NASA has just updated its predictions regarding the chances of the Bennu asteroid impacting our planet.
The agency even did the maths to determine the precise date when an impact is most probable – September 24, 2182.
However, the situation is not as grim as it may sound.
If a huge asteroid were to collide with our planet, the results might be catastrophic.
Therefore, NASA made the wise decision of establishing the Planetary Defense Coordination Office (PDCO) five years ago to detect and keep track of possibly dangerous asteroids and elaborate a plan to prevent impacts as much as possible.
Currently, the PDCO is carefully watching the evolution of two possibly threatening space rocks, Bennu being one of them.
Now, for a bit of background – Bennu was discovered in 1999. At the moment, it is located about 200 million years away from Earth, but it will get closer and closer over time.
Estimates suggest that it will get within 125,000 miles in 2135, roughly half the distance between Earth and its moon.

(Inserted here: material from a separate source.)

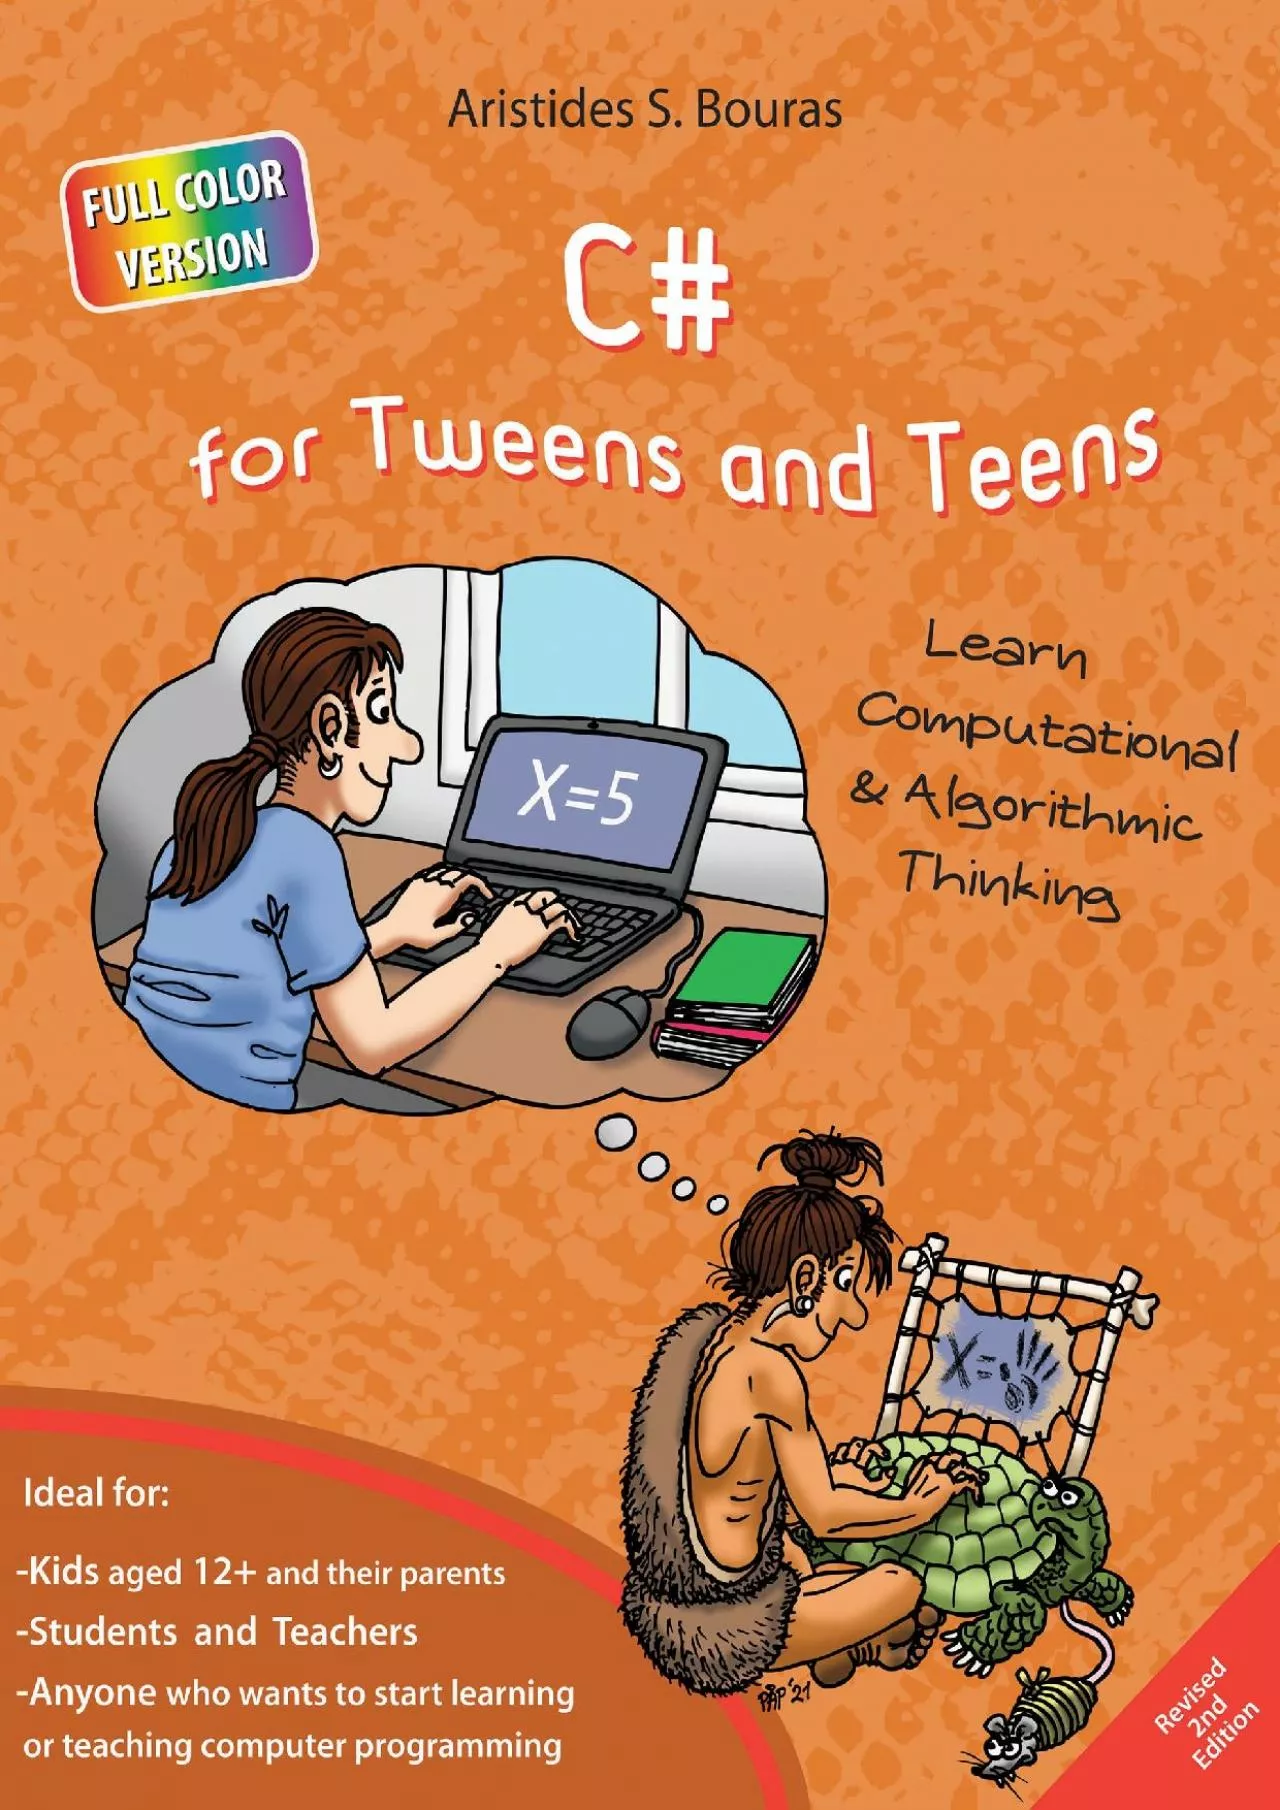 [READ]-C for Tweens and Teens - 2nd Edition (Full Color Version): Learn Computational

Bennu has a considerable size, as it is roughly one-third of a mile wide, and if it were to impact our planet, it could lead to severe destruction.
Lindley Johnson, the PDCO Director, stated in an interview with the New York Times:
“[A] half-kilometer-sized object is going to create a crater that’s at least five kilometers in diameter, and it can be as much as 10 kilometers in diameter.”
According to Johnson, the area of devastation can be way bigger than that, sometimes even reaching 100 times the size of the crater.
“So an object Bennu’s size impacting on the Eastern Seaboard states would pretty much devastate things up and down the coast,” he added.
To better observe and track Bennu’s evolution, NASA launched the OSIRIS-REx spacecraft in 2016.
For two years, the craft analyzed Bennu up close, gathering data from its orbit and even landing on the asteroid to obtain rock samples, the first mission of that kind for NASA.
Unfortunately, the samples will reach NASA’s labs only in 2023, as the craft is still making its way home.